If you haven’t read this post from November, then what I am about to write might make more sense if you do. It’s a retraction – a public statement if you will – about how in my confusion and upset I got things so wrong. About how, in wanting to defend someone, something that I had thought was real – I only managed to make excuses for them when in fact there really weren’t any to make.
They say there is a fine line between love and hate, but I don’t buy that. They say that the opposite of love is indifference – and though in time I undoubtedly expect that to become the case – for now, I feel nothing but loathing towards you – at the way you chose to make me feel, the way you continue to make me feel – time and time again. No apologies, no concern regarding what you’ve done, despite already knowing the agonising hurt I’ve gone through in the past. You sought me out for whatever reason; you initiated all of this despite having being knocked back before, despite having been given the chance to opt out previously. You let me fall first… and now you play the innocent.
Before there was the excuse of youth but now there are no excuses. I’m not the only victim to your selfish ways – there are many - and though I don’t intend to divulge the details of every hurtful act you’ve ever perpetrated against each individual (my intention here isn’t to ‘expose’ you – though there would be a very long list), suffice to say, none of them were justifiable. You pretend that you recognise this fact, but I don’t think you do – you’re too wrapped up in thinking about yourself to – otherwise why else continue to behave like it?

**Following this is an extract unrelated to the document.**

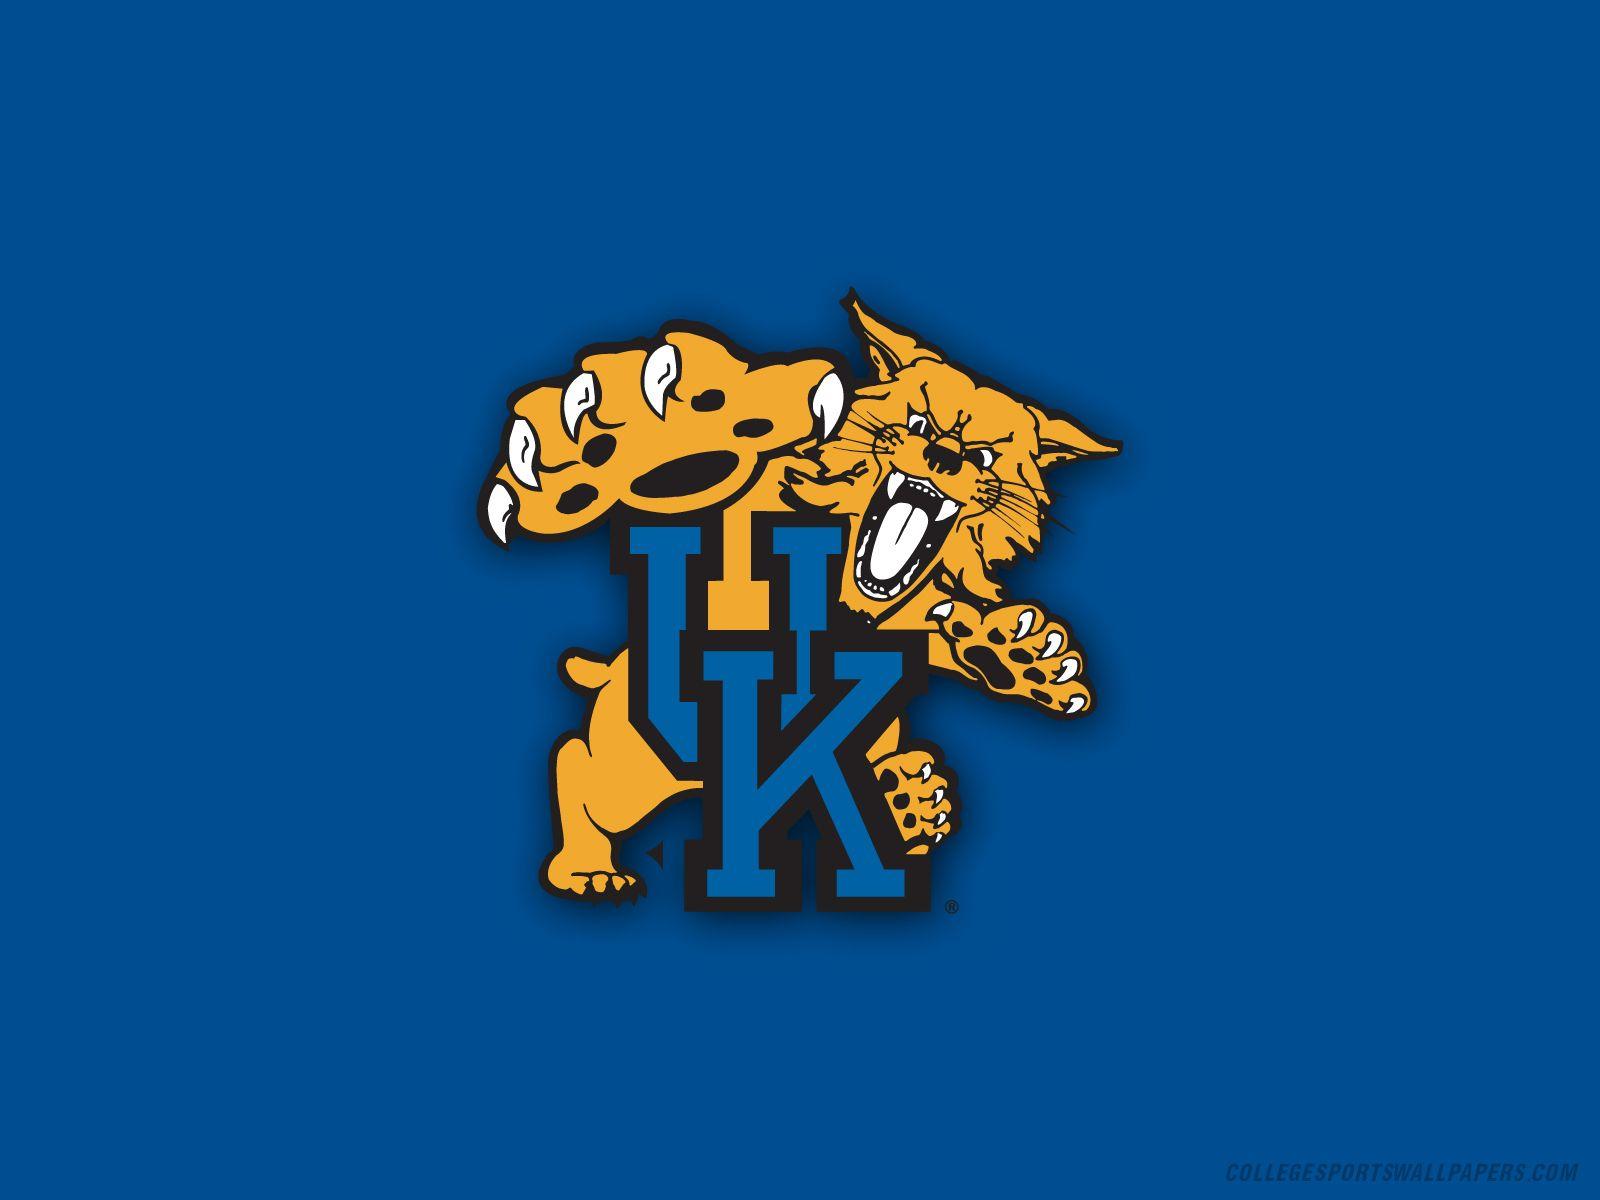 Kentucky Wildcats image Uk logo HD wallpaper and background
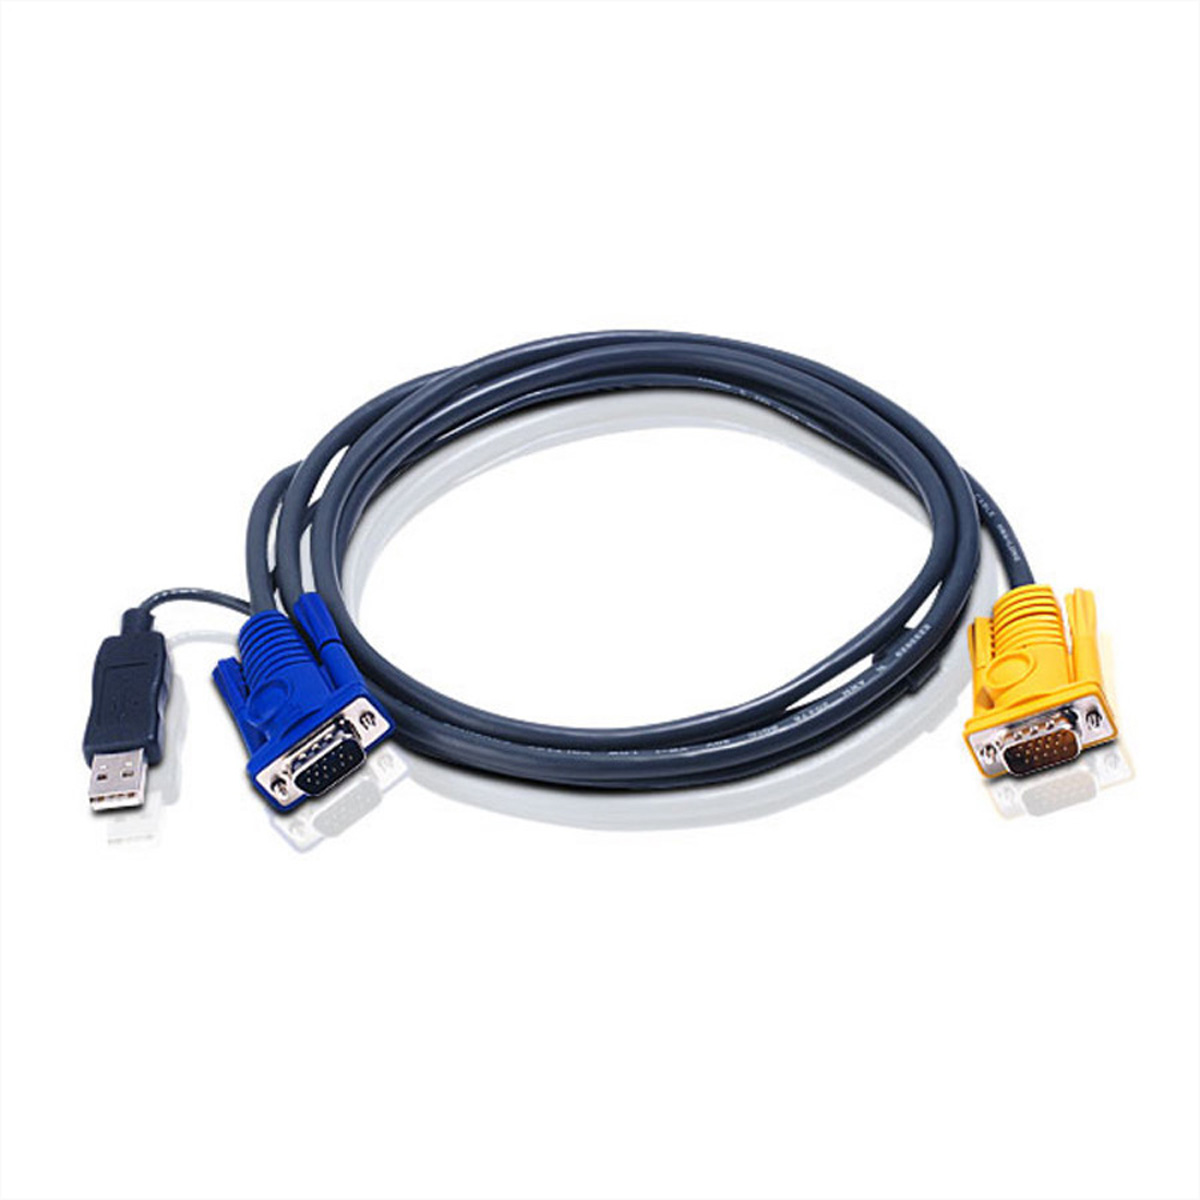 ATEN 2L-5206UP KVM-Kabel VGA USB (mit eingebautem PS/2-USB-Konverter), schwarz,

You want to know the ways you’ve left me feeling? Fine; naïve, stupid, foolish, worthless – but to name a few. Average, lied to, duped to name some more. Ultimately – no longer ‘special’ just ‘insignificant’. And I hate you for it, I really do. I hate the fact that you seemingly welcomed me into your wonderful family, that I grew to cherish each and every one of them and to think of them as my own – the fact that I miss them. I hate the fact that you promised me so much and yet now you deny to people that you ever did. But most of all, I hate the fact that you think it’s all ok.
I have no doubt, that when others see you smirk and joke around, when they hear you brag about your latest ‘conquest’, all they think is ‘Wheyyyy, he’s such a lad’ – and you are, you are such a lad. Such a lad that gets the whole room laughing, the kind whose bravado never stops, the sort who comes across as the ultimate ‘Mr Happy Go Lucky’. But let’s not fool ourselves – you’re not always happy, and you’re also ‘such a lad’ that treats women – that lies, that cheats, that manipulates, that doesn’t give a second thought to other peoples feelings, that never fights, that only ever gives in – you really are this ‘lad’ – a coward. I thought you’d stepped up for me – you said you had, but it was just another lie.
I may be weak for loving people too much, for thinking I can depend on them, but my God would I prefer to be this way than to be so cold, so heartless so as to not even be able to recognise what love is. To not be able to give myself fully to someone – to let them in, to have to constantly wear a mask. Don’t ever think that the fact I am able to display my emotions makes me weak. Don’t ever think that there is anything I won’t go through and come out stronger on the other side. This pain I’ve felt – this anguish, this betrayal – will only serve now to make me fight even harder, to succeed further, to live a long and happy life with the people I love without the need to hide anything from them.
You however - whether it be in five months or five years time from now - the novelty will eventually wear off once again and you will wake up one day and realise. You’ll realise that the only person who truly knew the real you, the only one who knew all the sordid details, and who had been willing to accept you despite them, is gone – for good. You’ll never come back, you’ll never apologise, because again – you won’t have the guts to. But believe me - that feeling, that feeling of knowing will forever haunt you in between the moments of elation and distraction. The only difference this time, is that you’ll just have to live with it.